What Is A Short-Term Loan? - photo 3

Getting a short term loan is super easy; you’ll just need to fill out some paperwork and get it approved. You’ll typically have to wait 2-3 weeks for funds to be deposited into your account, but beyond that, the process is essentially no different from getting a traditional loan.

What exactly is a short term loan, and how is it different from a regular loan? Let’s have a quick look at each term individually.

Shorter Than Mathematically Possible

The adjective “short” has two separate but related meanings in common usage: 1) shorter than expected; 2) shorter than the standard unit of measurement. In ordinary language, we often use these two words together. For example, you might say that your friend’s sister’s dog just had a litter of puppies, and you expect that she’ll have them all adopted by the end of the year. You’d probably say something like, “I don’t think they’ll all make it to the end of the year. It’s already been a couple of months, and they’re still all available. It’s a real shame.” In this case, you’re using the word “short” to describe something that is both shorter than expected and shorter than the standard unit of measurement.

Here’s another example. Let’s say that you’re an architect who is designing a house. You need to have some stone quarried, so you contact a local supplier. The man tells you that he has plenty of stone, but it will cost you $500 per ton. You balk at the price, so you call your banker to see if you can get a short-term loan. The banker tells you that he can, in fact, help you out, but you’ll have to get his approval first.

In this case, you’re using the word “short” to describe something that is both shorter than expected and shorter than the standard unit of measurement.

Spur Of The Moment

To quickly and easily understand this term, let’s first examine its definition: a spur of the moment decision; an instance of sudden, impulsive, or intuitive decision making; an instance of thoughtless or careless behavior. Now that you understand what it means, let’s have a look at some examples. Let’s say that you’re at a party and you meet a woman you’ve just never met before. You have a drink together, and the two of you discover that you both love dogs and have a mutual acquaintance in common. You decide, on the spur of the moment, to marry this woman you just met, despite the fact that you’ve only known each other for a few minutes. That decision was made on the spur of the moment.

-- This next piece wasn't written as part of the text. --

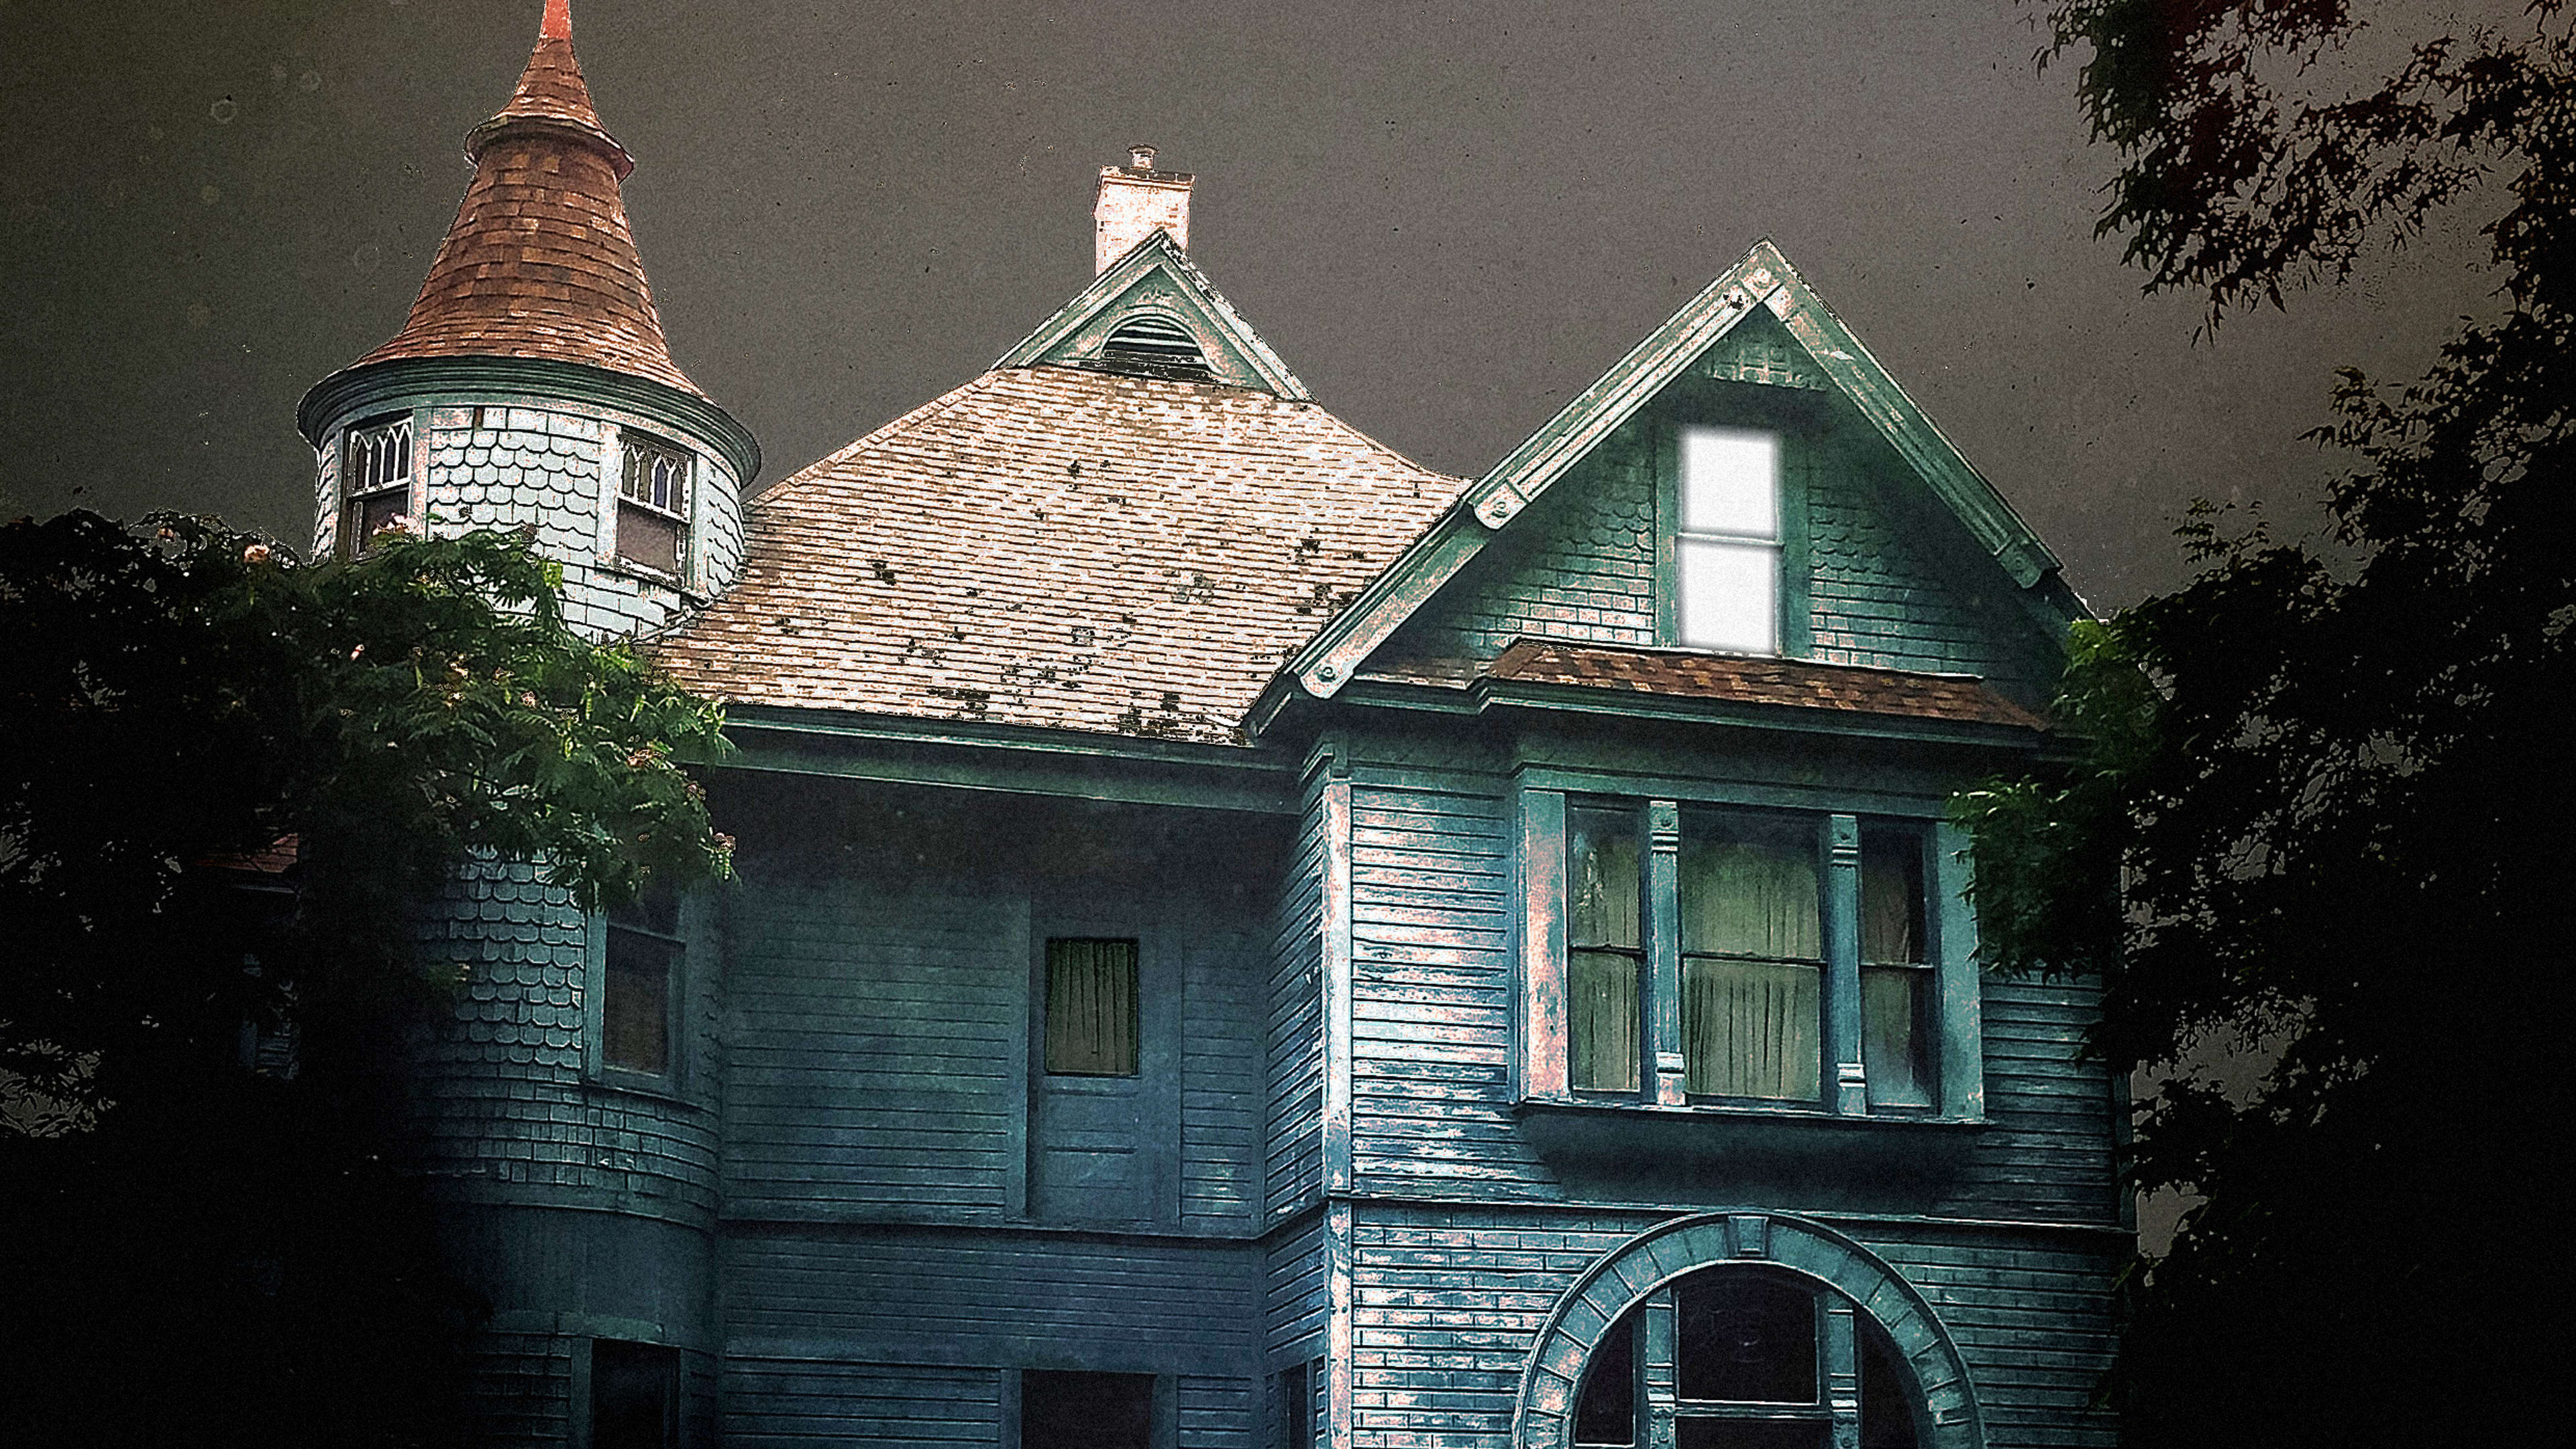 A psychologist explains why haunted houses terrify us
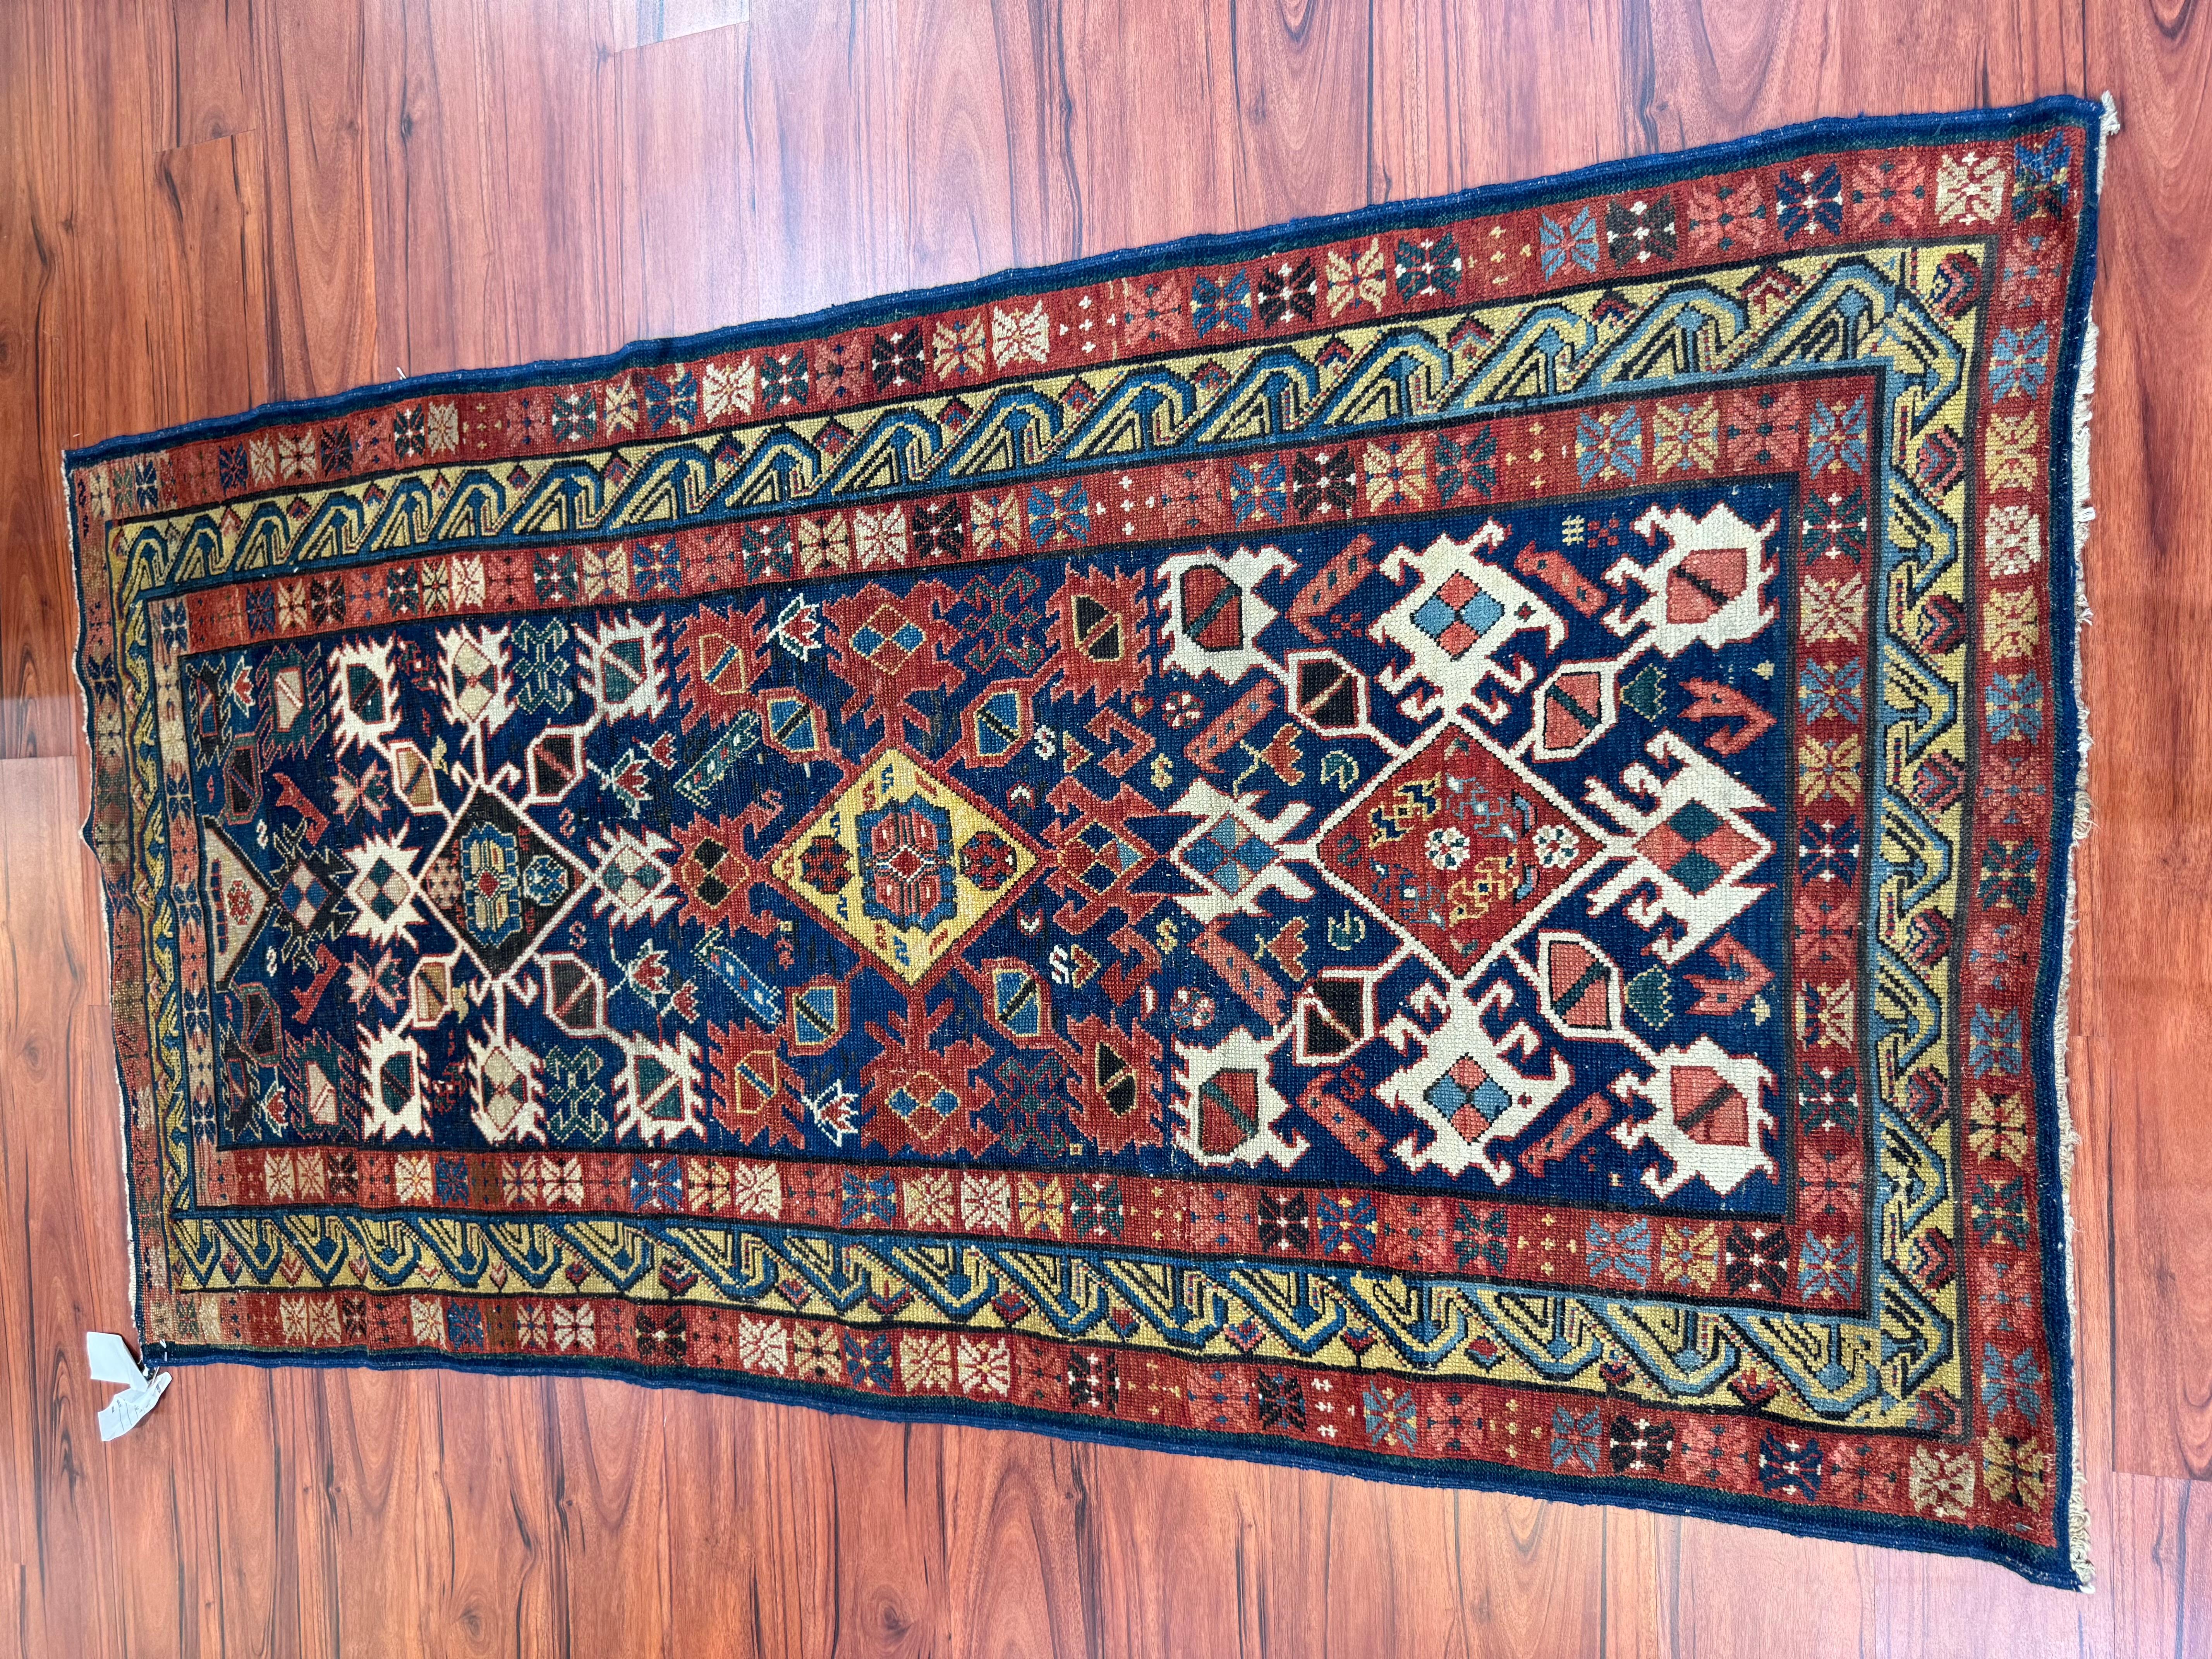 A stunning antique Seychour Caucasian rug that originates from Azerbaijan in the 19th century. This rug has a rich history and is in very good condition. Measurements are 3’5” by 6’4” ft. Feel free to message me about this listing or any other I

Another example is when you’re shopping and you encounter a beautiful dress that you just have to have. You weren’t expecting to find such an elegant dress anywhere, so when you do, you might describe it as a spur of the moment discovery. In this case, you’re using “spur of the moment” to describe something that was both unexpected and impulsive.


This is an adjective commonly used to describe things that are easy to understand and follow; that require little or no previous thought in order to be completed; a process that is straightforward and uncomplicated. When used in reference to a loan, it means that the lender will require little or no additional information in order to approve the loan; the paperwork will be straight-forward and minimal.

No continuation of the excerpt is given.